In Exit Strategies, Valuations

By Scott Bushkie

As the old saying goes, you can’t compare apples to oranges. I always think of that when business owners talk about the multiple they hope to receive when selling their business.

Sometimes, a business owner hears someone got a multiple of 6x or 8x for their business. So of course they want the same results. But what they don’t know—what doesn’t get shared over a round of beers—is what that number was multiplied by.

A multiple of 8x net income without any adjustments or addbacks could be the same as a 3x EBITDA including the working capital. And that, ironically, would be well below today’s market for many businesses with sales of at least $5 million.

The Market Pulse Survey, a quarterly report sponsored by IBBA and M&A Source, asks advisors to share the most common multiple used for businesses they’ve recently closed. For Main Street companies (businesses with values of less than $2 million), most deals are calculated as a multiple of seller’s discretionary earnings (SDE). For the lower middle market (businesses valued between $2 million and $50 million), multiples are based on EBIDTA. To explain…

Main Street: SDE is the business’s net income, plus all the economic benefits that go to the business owner. Typical addbacks include owner’s salary, health insurance, personal expenses, interest expense on long-term debt, depreciation, amortization, income taxes, and any unusual one-time expenses paid that year.

According to the Market Pulse report, the median multiple for Main Street deals under $500,000 is 2x, most often calculated on SDE. Also of note, for most Main Street deals, the seller typically keeps the working capital in addition to the value.

If you have a $300,000 SDE at a 2x multiple, the value would be $600,000. In addition, the seller would keep the receivables and cash and the buyer would purchase the useable inventory at the seller’s cost. If that business had $50,000 in inventory, the total value of the deal would be $650,000, plus the net receivables (A/R – A/P), minus the long-term debt.

Lower Middle Market: For larger deals, however, most transactions are based on a multiple of EBITDA including working capital.
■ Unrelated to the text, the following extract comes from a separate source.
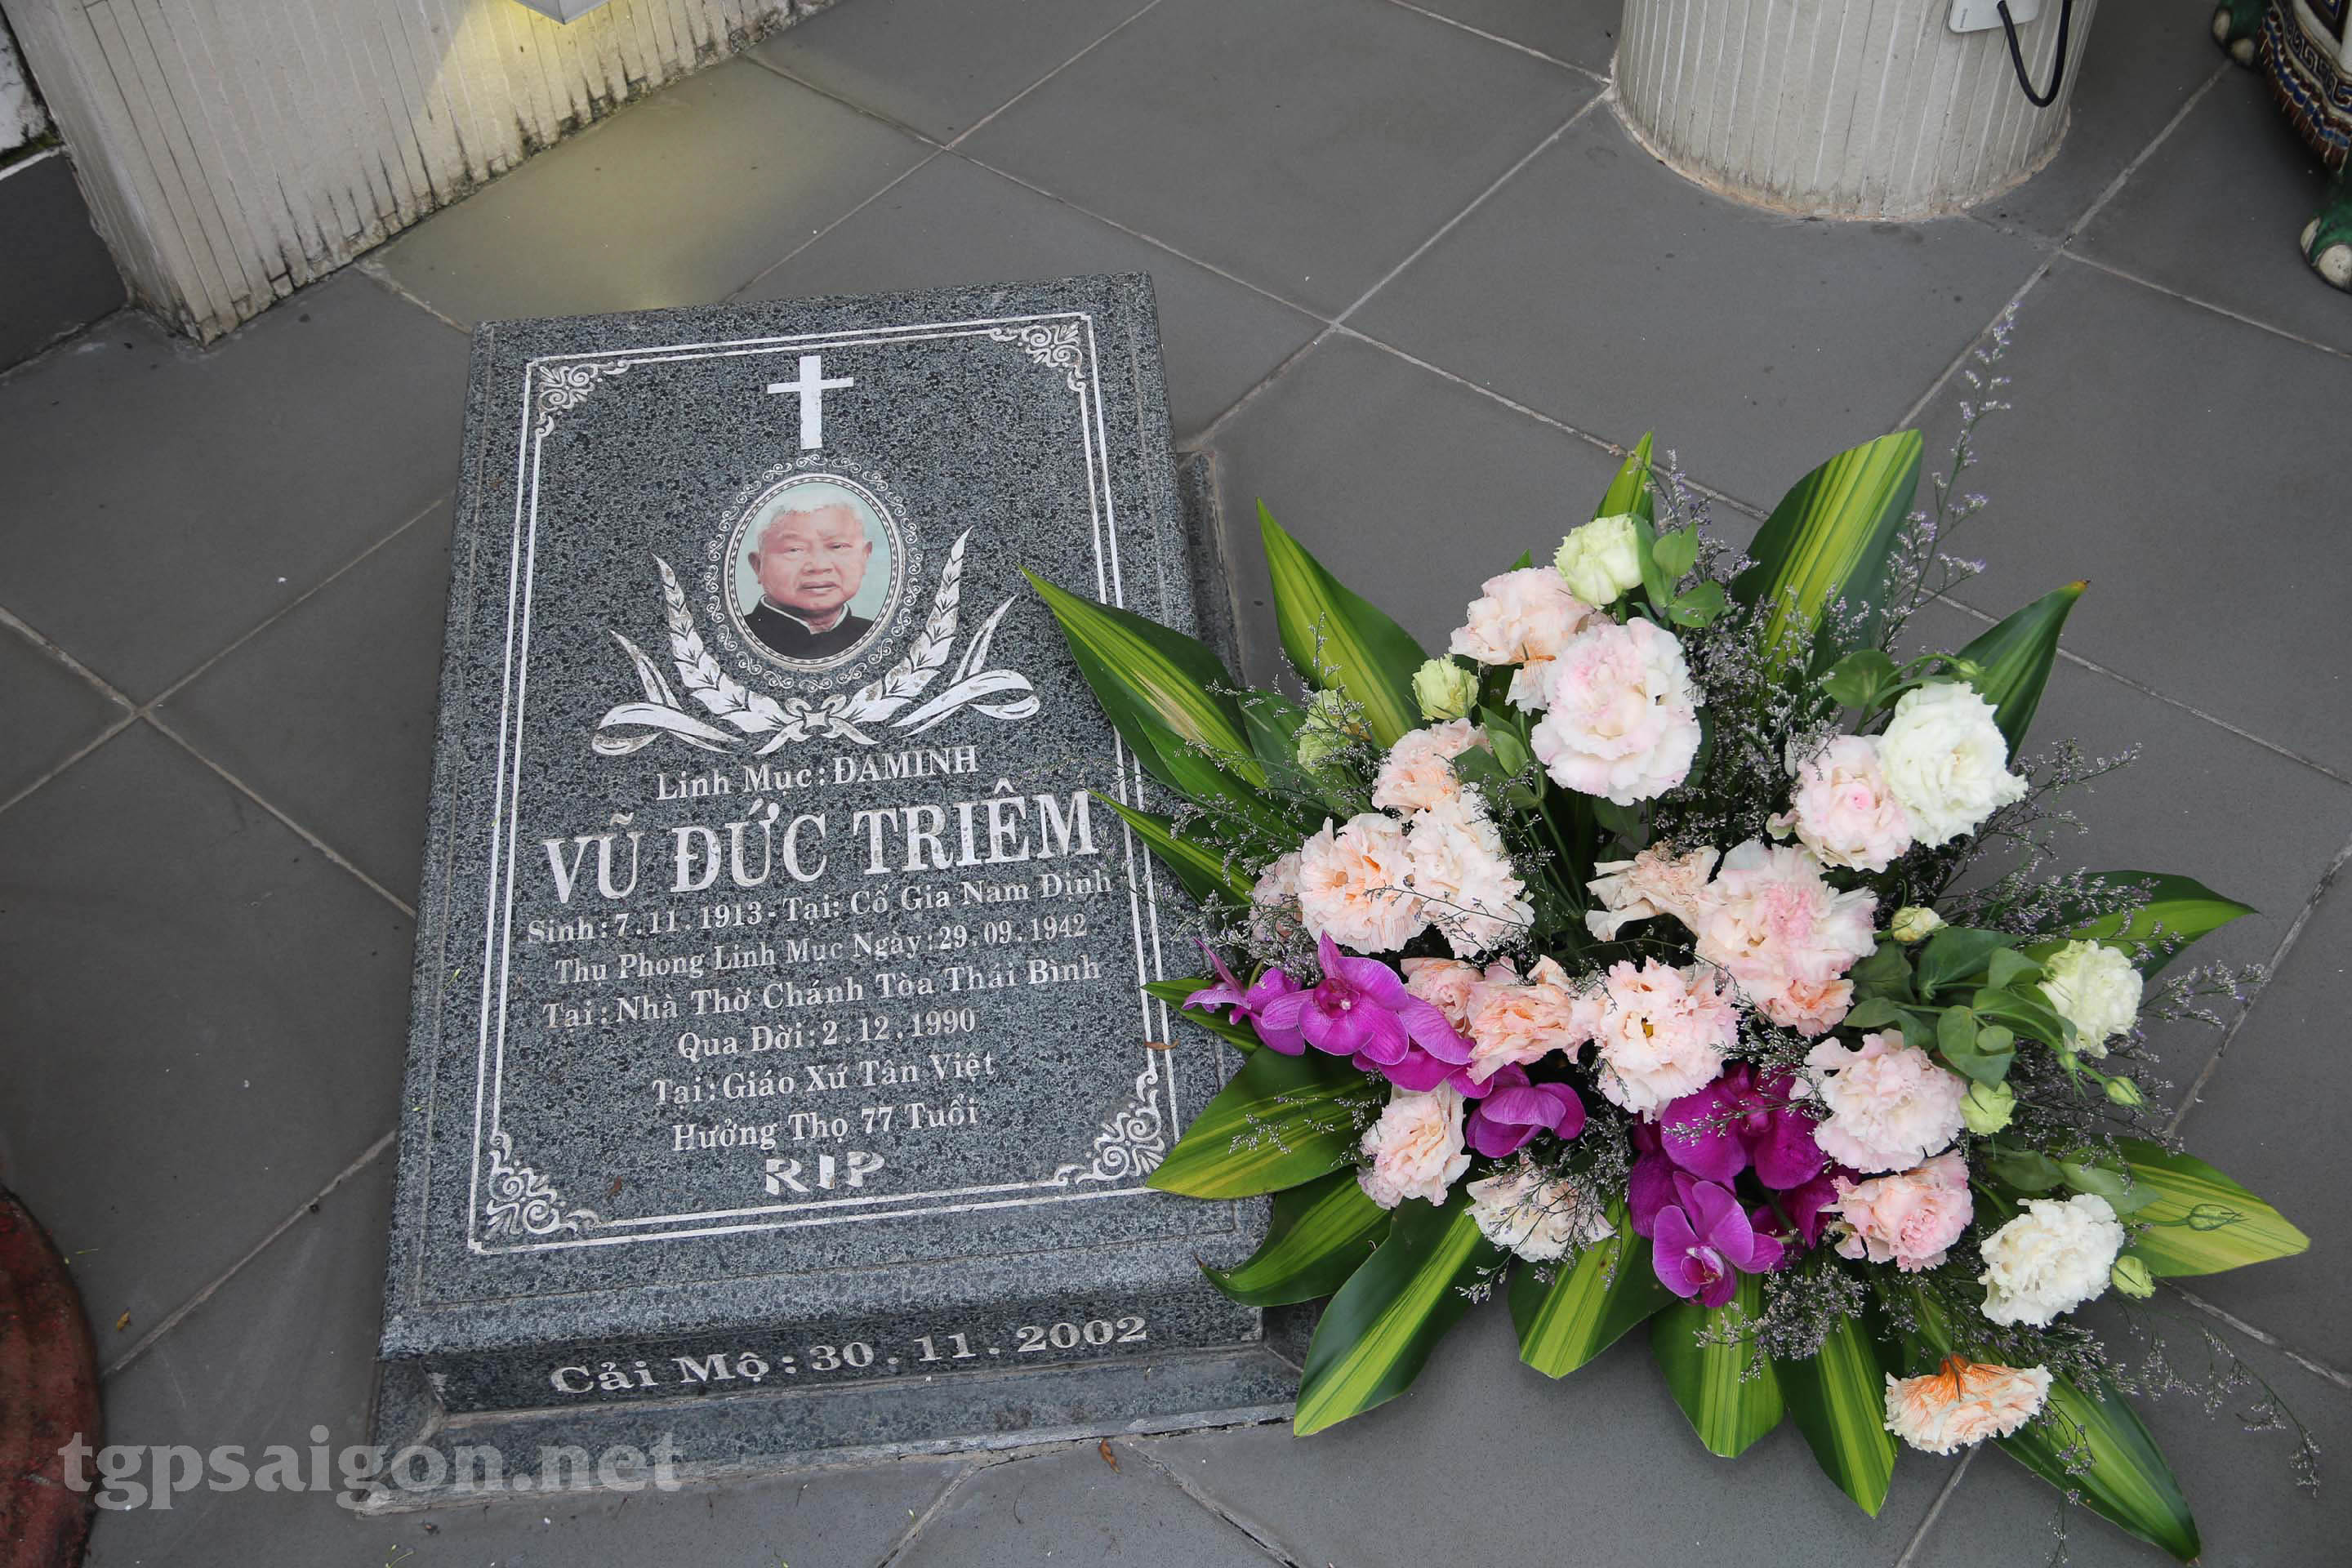 Giáo xứ Tân Việt: Lễ giỗ Cố linh mục Đaminh Vũ Đức Triêm 2-12-2021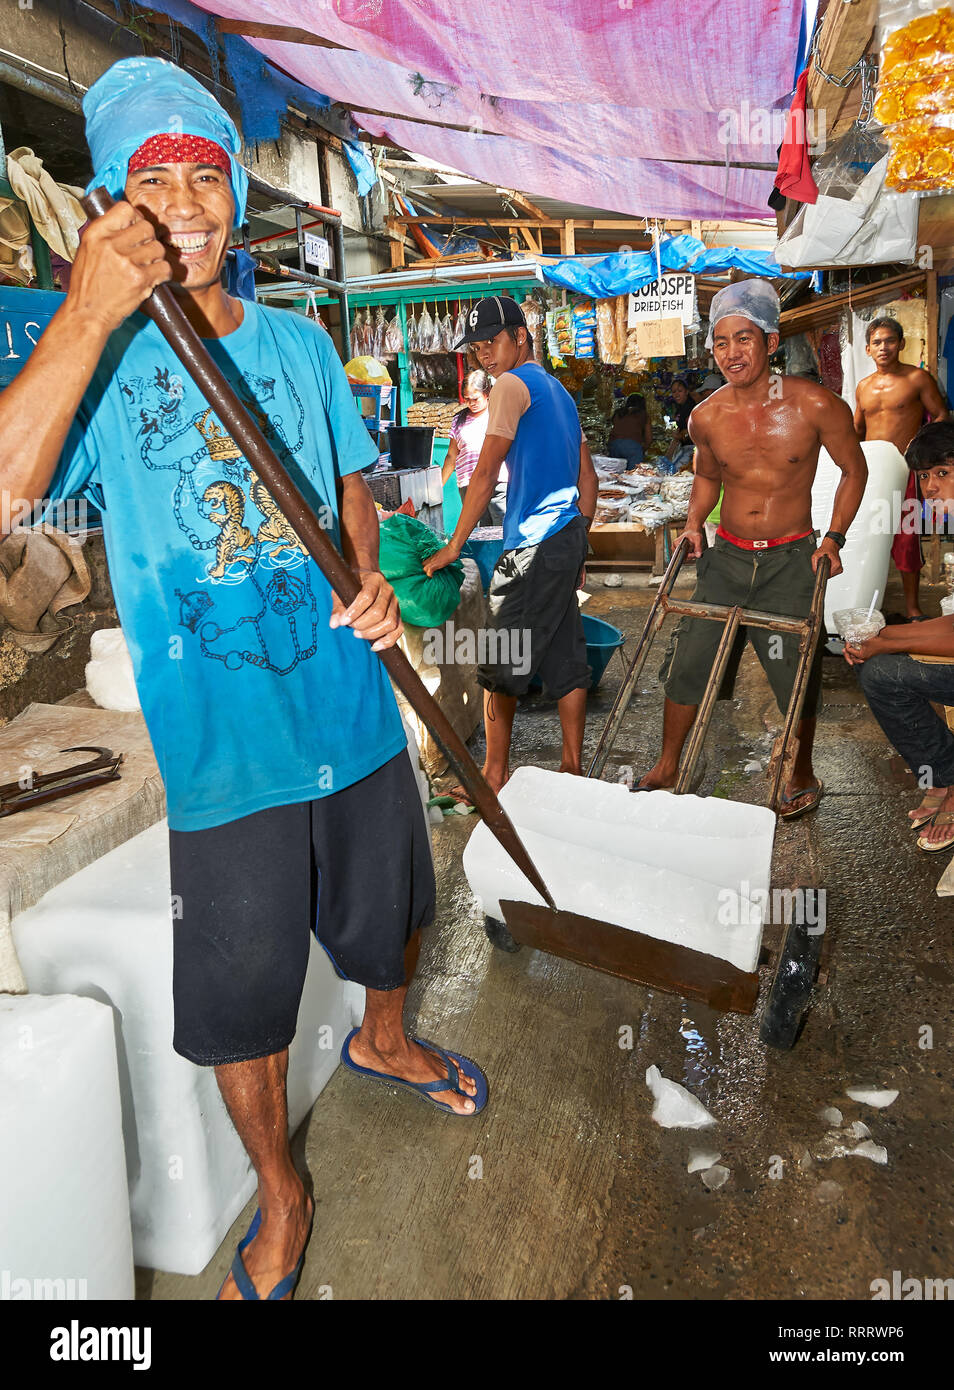 Stadt Puerto Princesa, Palawan, Philippinen - 25. Februar 2010: Portrait von jungen männlichen Arbeiter an der Wet Market bewegt riesige Eisblöcke Kunden Stockfoto

This is very different from SDE without working capital.

An EBITDA (Earnings Before Interest Taxes Depreciation and Amortization) calculation uses most of the same addbacks (personal expenses and one-time/nonrecurring costs, etc.). But instead of adding back the owner’s salary, this calculation leaves in an expense for a fair market salary. For example, if you have a salary of $225,000, but the fair market (what you’d have to pay to hire someone to fill your role) is only $150,000, the addback/adjustment would be to add $75,000 to the bottom line or EBITDA calculation.

On the flip side, if that same business owner was only taking a $50,000 salary, we would have to subtract $100,000 from the bottom line or increase the salary to $150,000 to come up with a normalized EBITDA calculation. Similarly, large adjustments are often made for fair market rent, as many business owners hold the real estate in a separate LLC and pay themselves rent.


Working Capital: In a Main Street deal, buyers typically set up their own line of credit to finance the business operations. But that’s not how lower middle market deals are structured. You have to sell the car with gas in the tank.

According to the Market Pulse Survey, the current median multiple for businesses valued at $5 million to $50 million is 5.1x EBITDA, most often including working capital.

Let’s say the normalized EBITDA on a $20 million company is $3 million. At a 5x multiple (for simple math) That means the company is worth $15 million. That value typically includes your 12 month average for receivables and inventory, while the buyer assumes your 12 month average for payables and any accruals tied to the ongoing operation of the business. Most transactions are on a “cash free/debt free” basis. Which means in the above scenario that the seller would also be able to keep the cash in the checking account (as long as it is not tied to customer deposits) but would also have to pay off any long term debt with the sale proceeds.

High Low. The more expenses you add back to base number, the lower the multiple. SDE calculations have the most addbacks, followed by EBITDA. But a net income calculation doesn’t include any addbacks, so that’s why the multiple appears so high.

So when it comes to multiples, beware of forming your price expectations on limited information. If you’re wrong, you’ll either leave money on the table or price yourself out of the market.